みなさん、カップ麺の食べ方にはそれぞれこだわりを持っているようですね。作り方は簡単なのに、その食べ方は奥が深い…。
いっそのこと「カップ麺道」なんていう、食作法が生まれてもいいかもしれない。
「当流派では、ふたをすべてはがし、しかる後にその裏面を上にして四方を折り曲げ、それを受け皿として利用しながらいただくのです。これにより、当流派は裏面家と称しております」…なーんてね。
投稿: りゅうはく堂店主 | 2008年9月12日 (金) 23時17分
りゅうさま
おニューのテンプレート素敵ですね。
投稿: shoko | 2008年9月13日 (土) 13時25分
なかなか鮮やかな色合いで、いいでしょう?
これからは月ごとに替えていくのもいいかなと思っているところです。
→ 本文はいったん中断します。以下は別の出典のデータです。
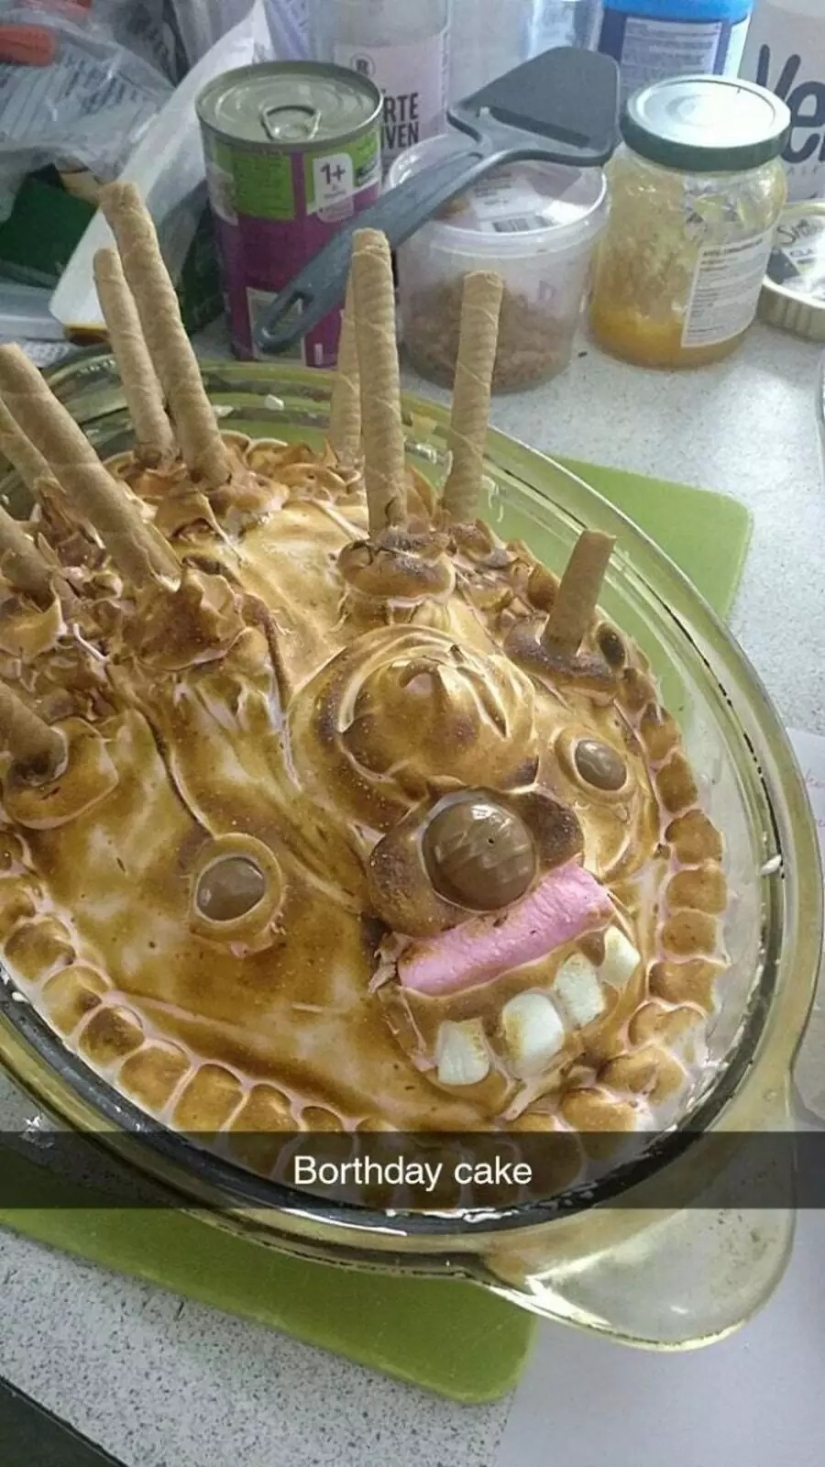 The first pancake is lumpy: 22 examples of terrible baking, which makes you uncomfortable

ヾ(´ε`*)ゝ
投稿: りゅうはく堂店主 | 2008年9月13日 (土) 21時23分
こんちは、先生のカップ麺のたべかたのこだわり
面白かったです。
○の素、コ○ビ○弁当と並ぶ日本の食卓への
3大インベーダーですね、カップ麺は。。
それを水際で防ぐ、先生の処方はさすがというしかありません。
カップ麺が悪いのじゃない、カップ麺に似合う
あなたが悪いんだ。。と言う人もいますがね。。w
投稿: ウナヤンケ | 2013年1月 5日 (土) 15時39分
おひさしぶりです。
この年末のCMで「カップ麺で年越しを」というのが何社かありましたが、あれを実際にやっている人なんか見たことねぇぞとツッコミを入れておりました。
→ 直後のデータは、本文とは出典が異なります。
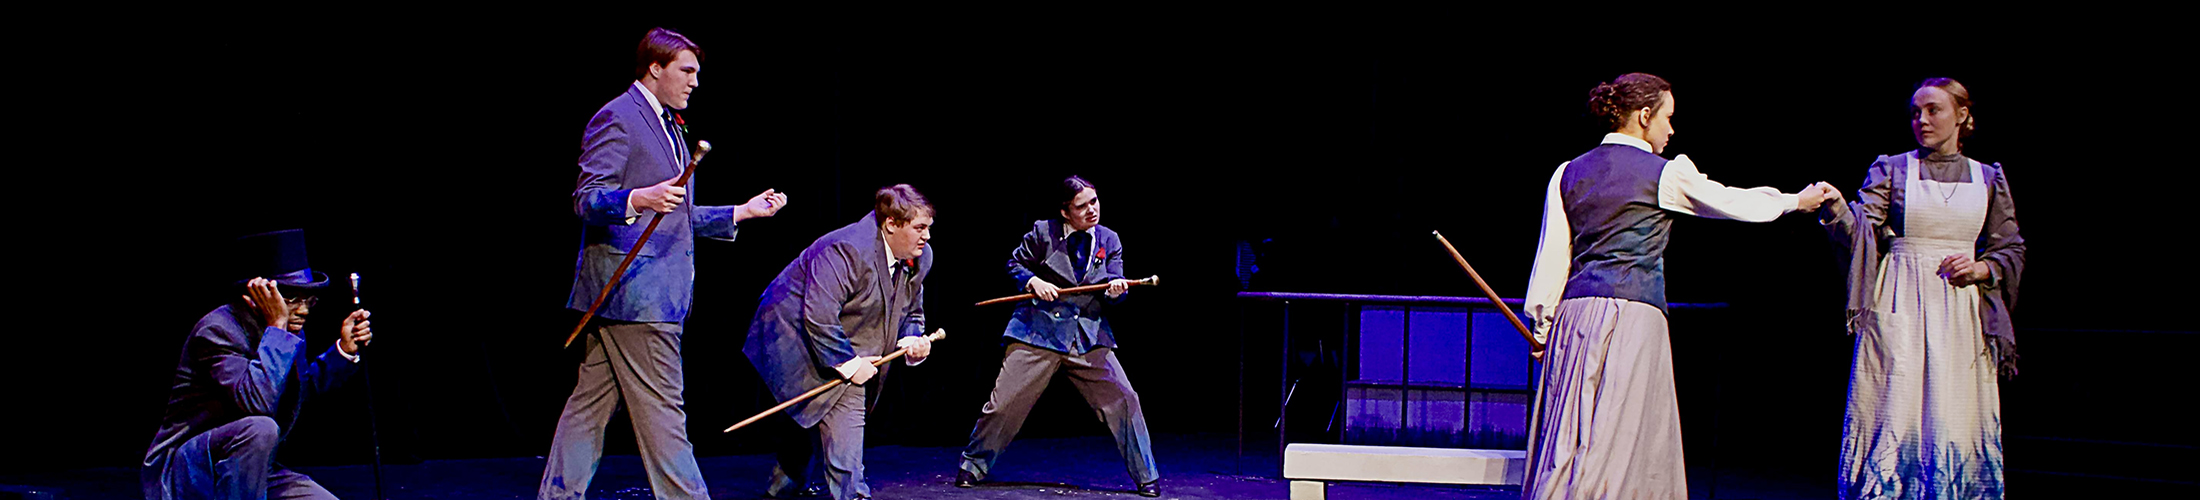 Students acting in a play on stage.

しかし、神戸でのカウントダウン・ライブの際に実際に目撃。それが、実にうまそうに感じましたなぁ。
くやしい…。
投稿: りゅうはく堂店主 | 2013年1月 6日 (日) 23時00分
おはようございます。
神戸で思い出しましたが、震災の折、カップ麺をすする被災者の方々を見て、カップ麺を世に送り出して本当によかった。。と創業者がしみじみ語っておられましたね。
私の今のささやかな楽しみは、早朝、軽く汗を流した後の熱い紅茶と一片のビスケット。。
深夜までパーティやなんたらで、飽食ににふける資本家のブタ共には絶対に理解できまい。。と自虐しております。。w
投稿: ウナヤンケ | 2013年1月 9日 (水) 06時23分
ささやかな楽しみと言えば、私の場合はHAMAYAのコーヒーでしょうか。
「店飲み」は京都のイノダか、大阪の丸福なんですが、「家飲み」となるとやはりHAMAYAにとどめをさしますね。
これに、ミックスナッツがあればご機嫌なんです。
ウナヤンケさんのような禅味はありませんが…。